Even now in their conversation beside an Adirondack stream Eleanor could see that more passionate style at work, the doctor’s eyes studying her face, observing inflections in her voice, drawing her into the conversation with the intensity of those eyes. Dr. Freud she knew to be far more detached and objective.

“And there is a problem with that personal approach?” she asked.

“Dr. Freud would tell you that I contaminate the process,” Jung said, then laughed again.

“I think Dr. James would have more sympathy with your methods.”

“I am gratified to hear you say that. You seem to know well the man’s mind.”

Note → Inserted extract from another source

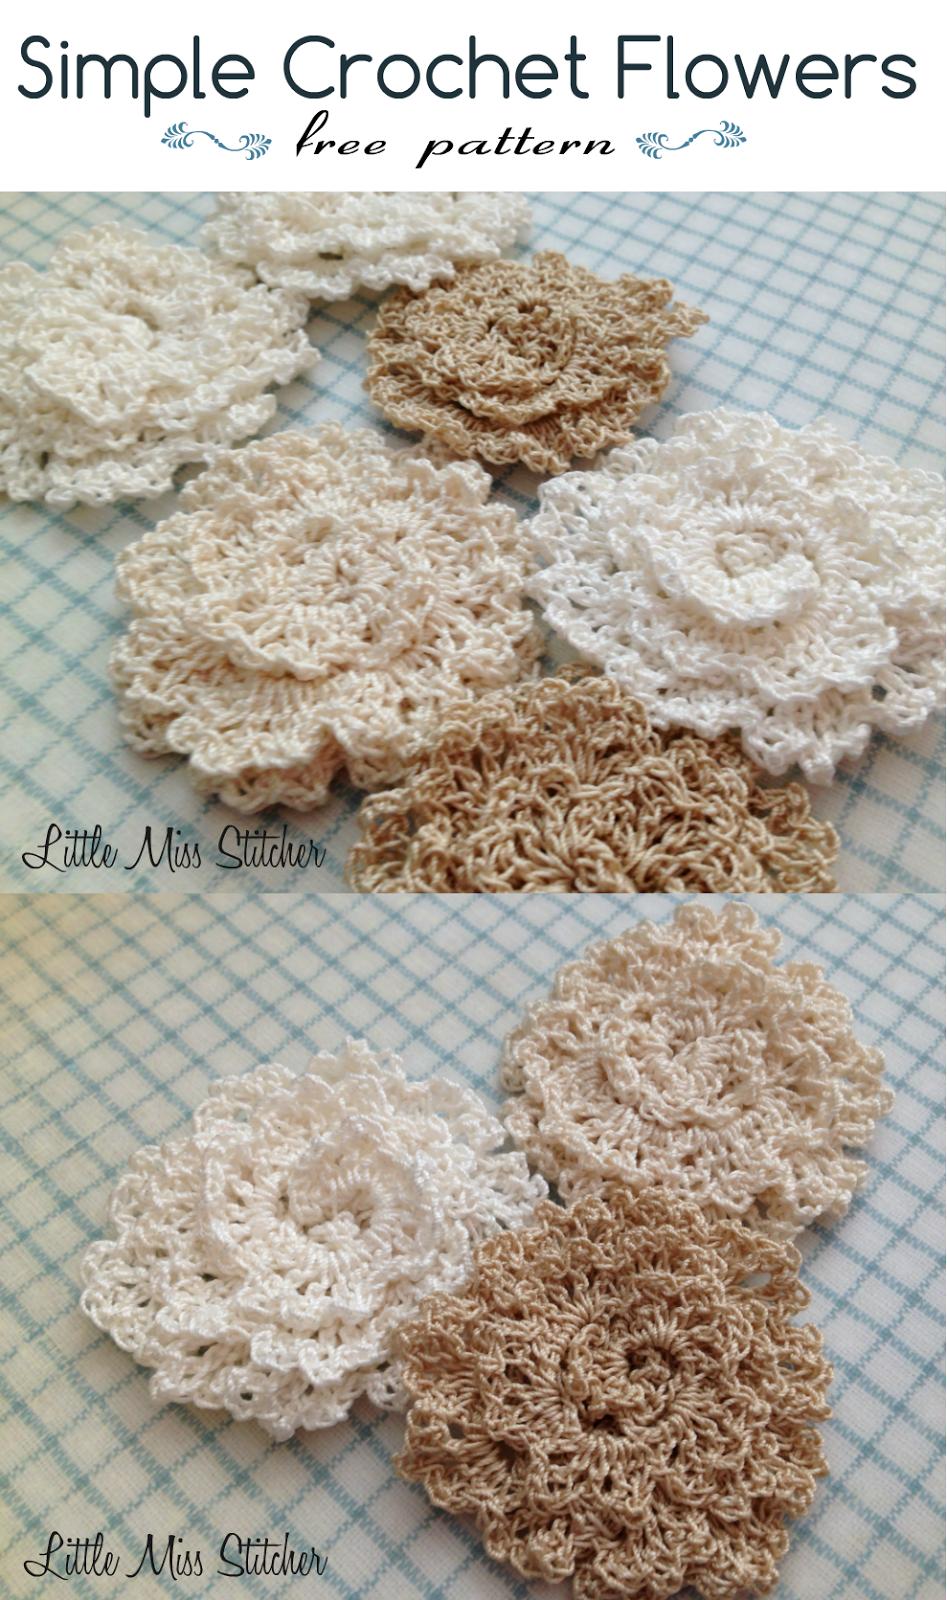 Little Miss Stitcher: Simple Crochet Flower Free Pattern   crochet ...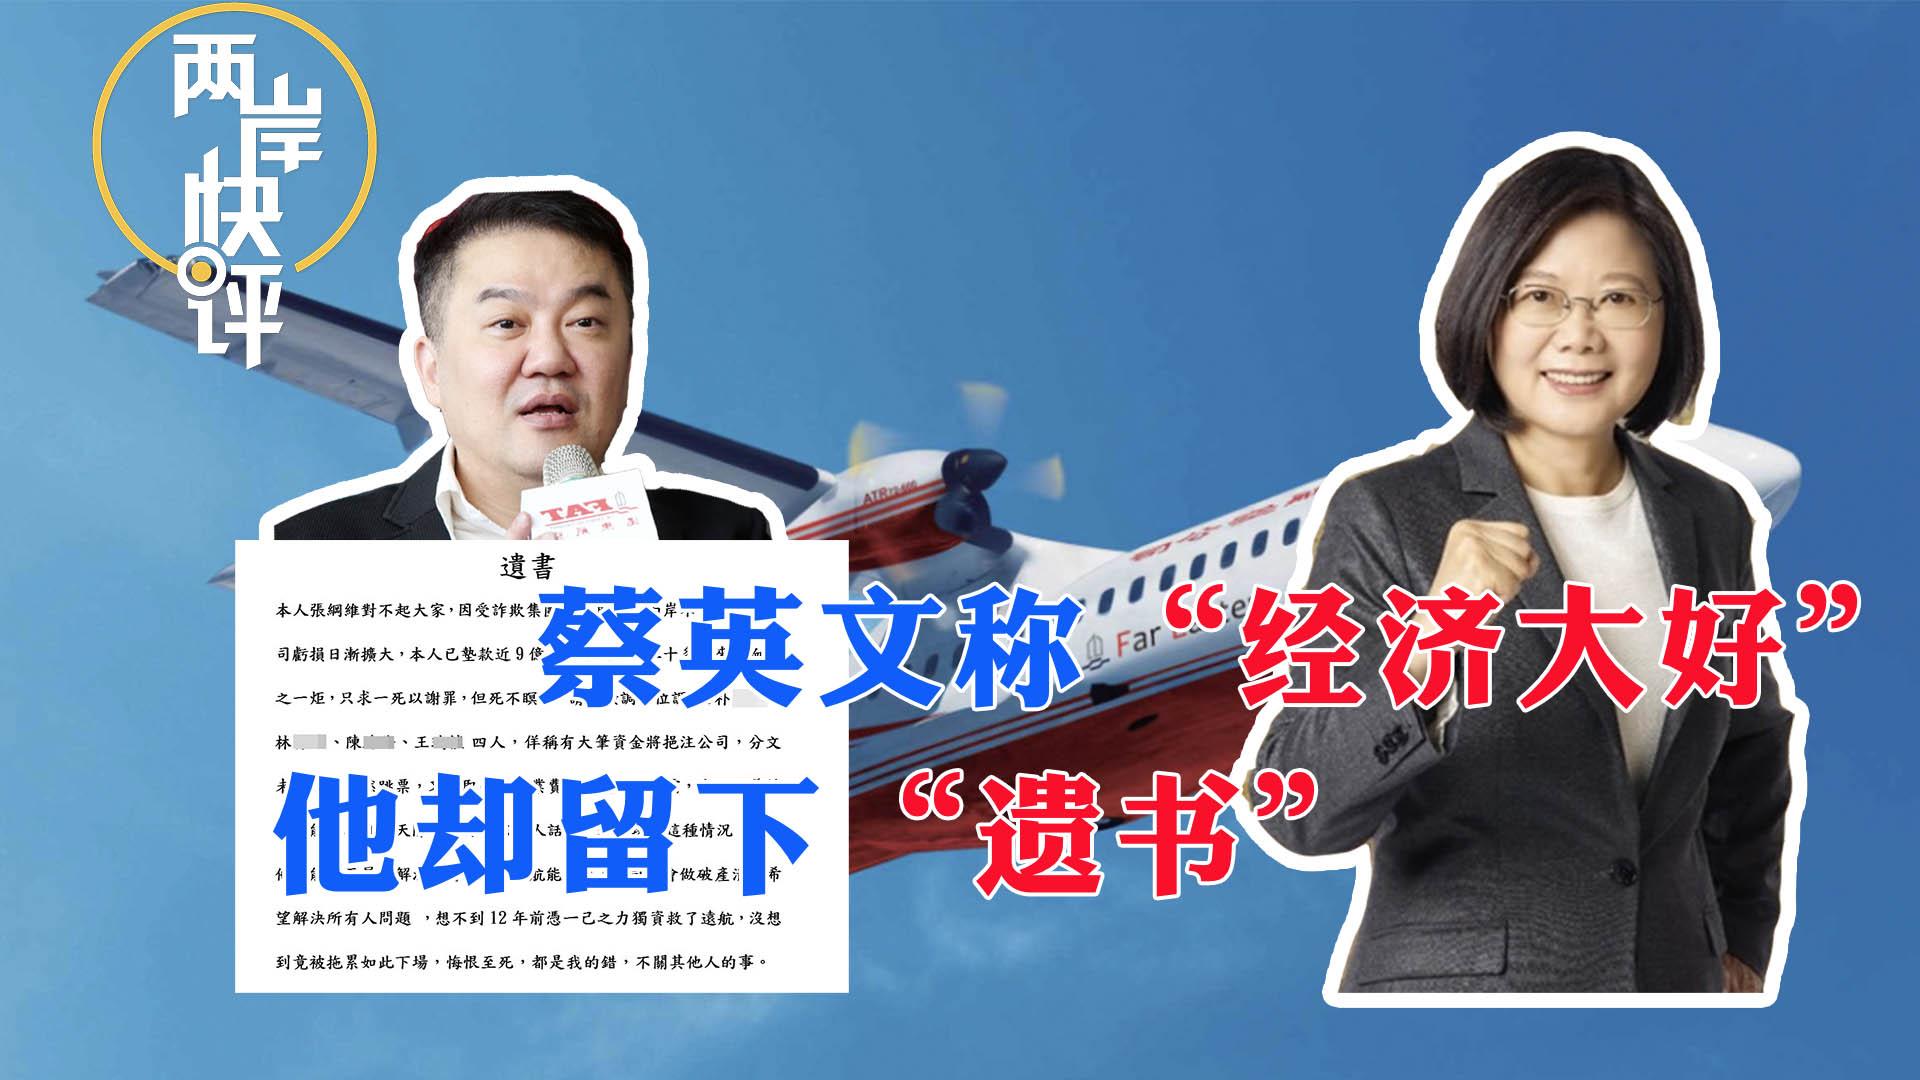 """就在蔡英文稱""""臺灣經濟穩穩前進""""之時,遠航公司停飛他寫下""""遺書""""圖片"""

“Dr. James and I have become very close over the years, perhaps you know.”

“I envy you that.”

“He served as something of a godfather to me as I was growing up. He was a friend of my mother, who died when I was eight, and I think he saw
himself as one of my protectors, a bit formal and distant perhaps, but one I very much needed. He gave away my hand at my wedding, you know.”

“So I understand. And now?”

“Now we are very close, and he is more a confidant. Upon my return from Vienna in 1898, I told him of my encounter with Dr. Freud and his ideas, and I made sure that he received
The Interpretation of Dreams
the following year. I knew they would find much of value in each other.”

“Dr. James must have been deeply impressed, seeing you no longer as a bright-eyed college girl.”

“Yes, I think he found that I had grown more worldly, for better or worse. He has taken me in more as a colleague in thought, and I have greatly appreciated the changing role.”

“And his impression of me?”

“Dr. James was very impressed with your ideas. I think you and he have a greater interest in the less formal aspects of the human mind,” Eleanor said. “He is at heart, as are you, I believe, a pantheist.”

Jung looked surprised. “You find me a pantheist?”

“Perhaps I exaggerate—”

“Oh, no,” Jung interrupted. “Please finish.”

“Have you read Dr. James’s Edinburgh lectures?”


The Varieties of Religious Experience,
” he said, “yes, I have read them and have found them very much to my liking.”

“That is his very broad definition of the religious experience, one which you would find very similar to your views, it would seem.” She looked to see that he was following and took heart. “It is just that you and Dr. James, like the ancient Greeks, seem to see the spiritual in many forms and in all things, in a broad spectrum of humanity and in nature all around you.”